If the outfielder simply stands and watches the ball, they’ll see it fly up in the air along a curved path, slowing down due to gravity, reaching a peak height and then speeding up again as it falls to earth. If, however, they start to move, then what they’ll see is a mix of their motion and the ball’s motion. If, for example, the outfielder was to run in a curved path that mirrors the curved path of the ball, the motions would cancel out and the ball would look as if it were tracing out a straight line. The same is true with the speed—if the outfielder were to speed up and then slow down at just the right times, the ball would look as if it was moving at a constant velocity.
And if the outfielder moves in such a way that the ball looks like it’s moving at a constant velocity, Cespedes, in this case, will end up in the right place, at just right time, to make the catch (unless he runs into a wall). That’s a side effect, Wilson says, of the ball’s trajectory being a parabola. And the outfielder runs not in a straight line, but a curved path. Fascinatingly, dogs use the same strategy when they’re scampering after a long-distance Frisbee toss. Best of all, Epstein observes in the essay at Aeon, this model is “completely free of computations, representations, and algorithms.” It’s just a (very perceptive) brain in a (very fit) body in a (very high-pressure) environment.

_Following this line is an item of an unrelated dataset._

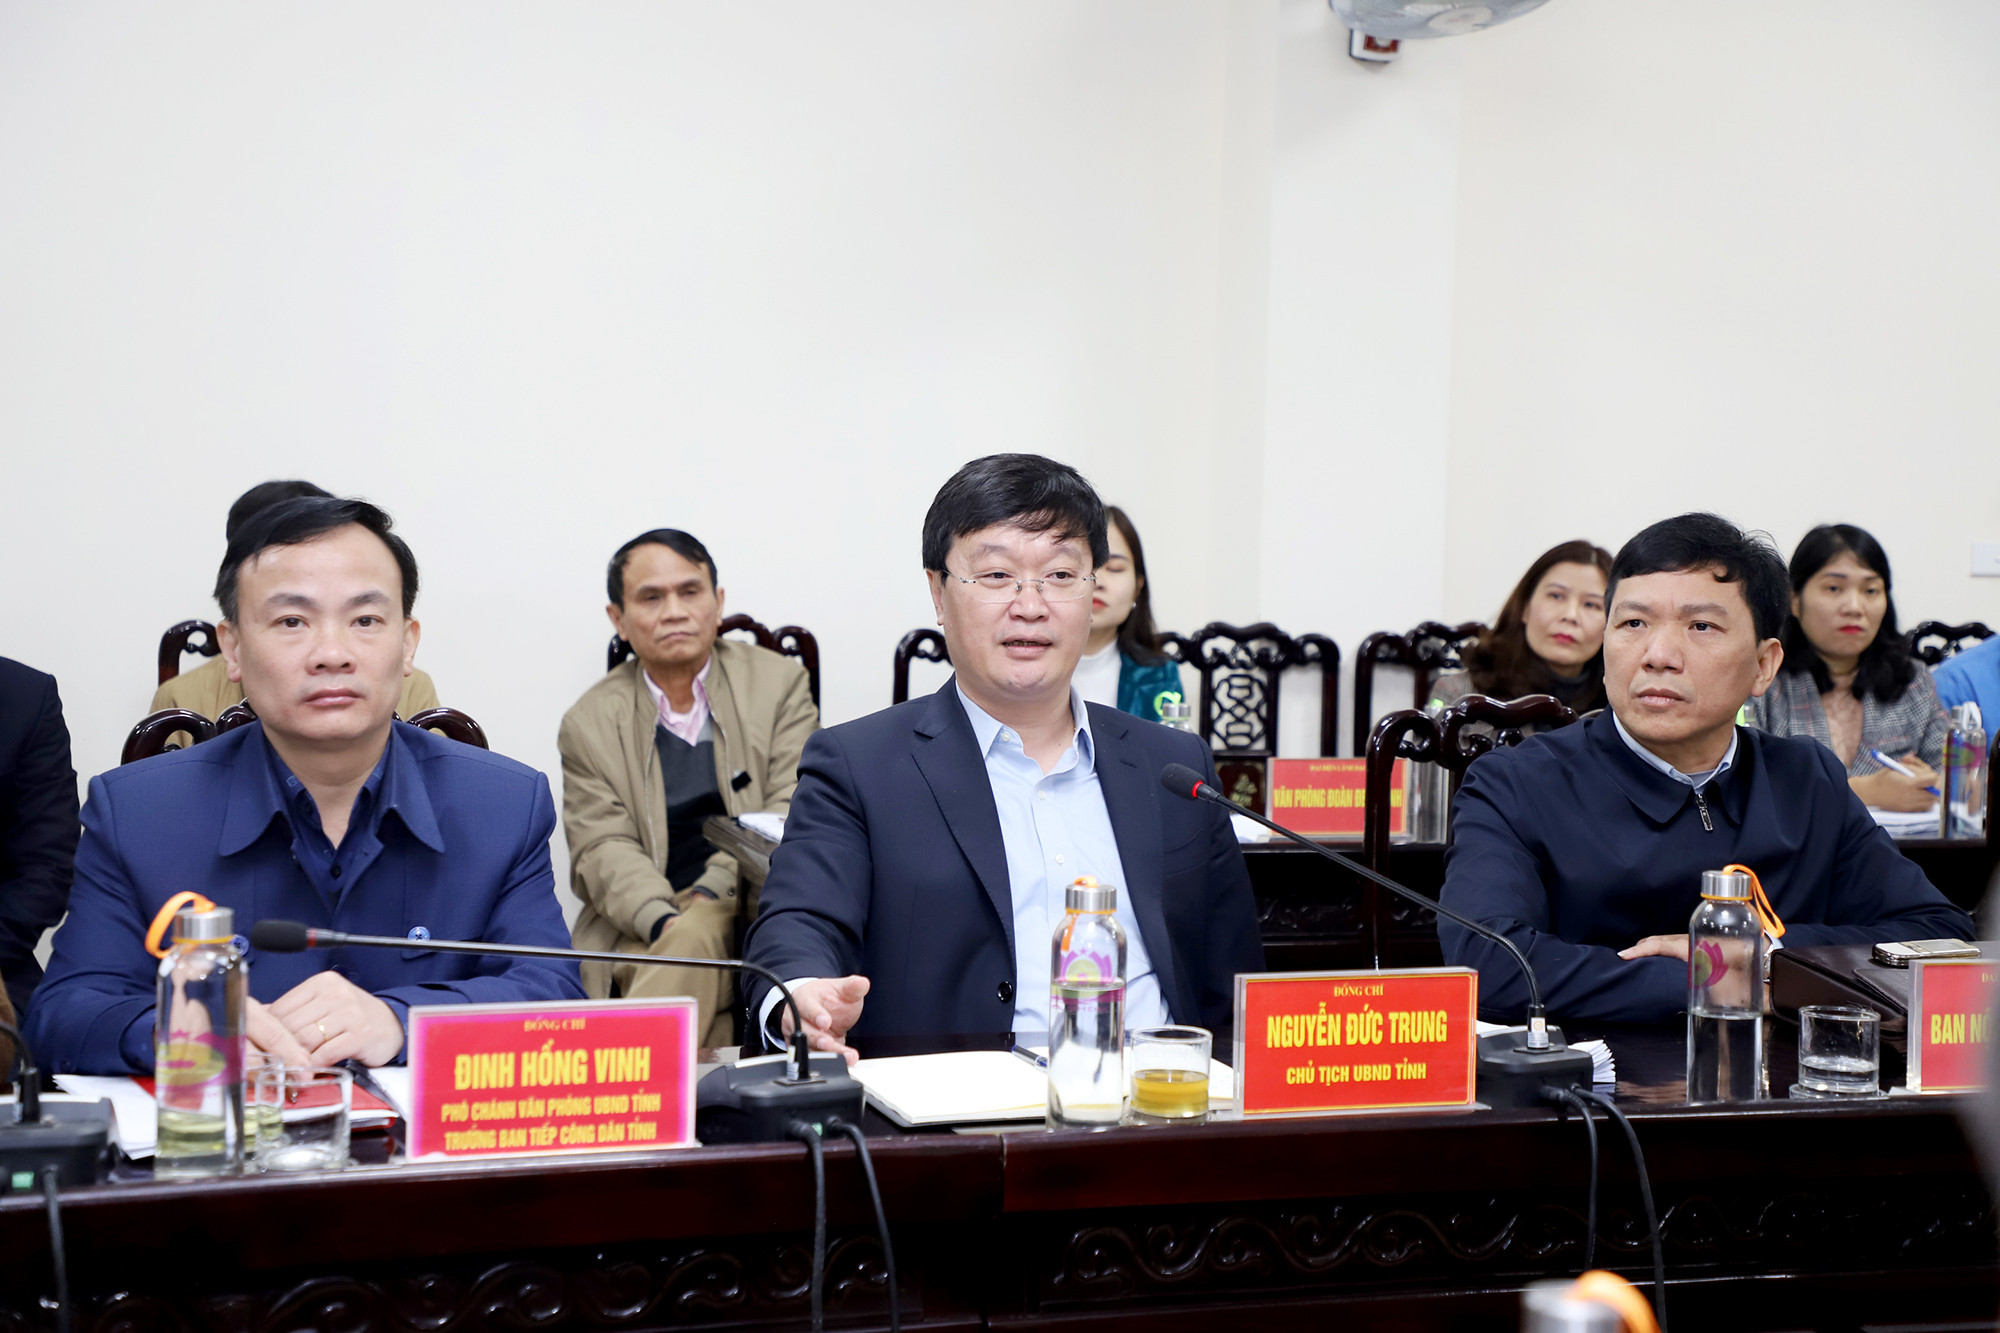 Đồng chí Nguyễn Đức Trung - Chủ tịch UBND tỉnh kết luận tại phiên tiếp công dân. Ảnh: Phạm Bằng

The below GIF shows that tracking in action, but not to completion:
The Outfielder Problem is not yet “solved”: If you walk into your nearest philosophy or psychology department, there’s a good chance that bringing it up could cause a ruckus. While it’s still mainly an argument, the actual experience of how baseball players intercept fly balls is beginning to fall under empirical testing, like a 2009 paper that used virtual reality to measure the computational, trajectory-predicting model versus a movement-based, embodied model. The result: Instead of calculating a ball’s trajectory, it’s better to run after it — and use your spatial awareness along the way to find out where it will go.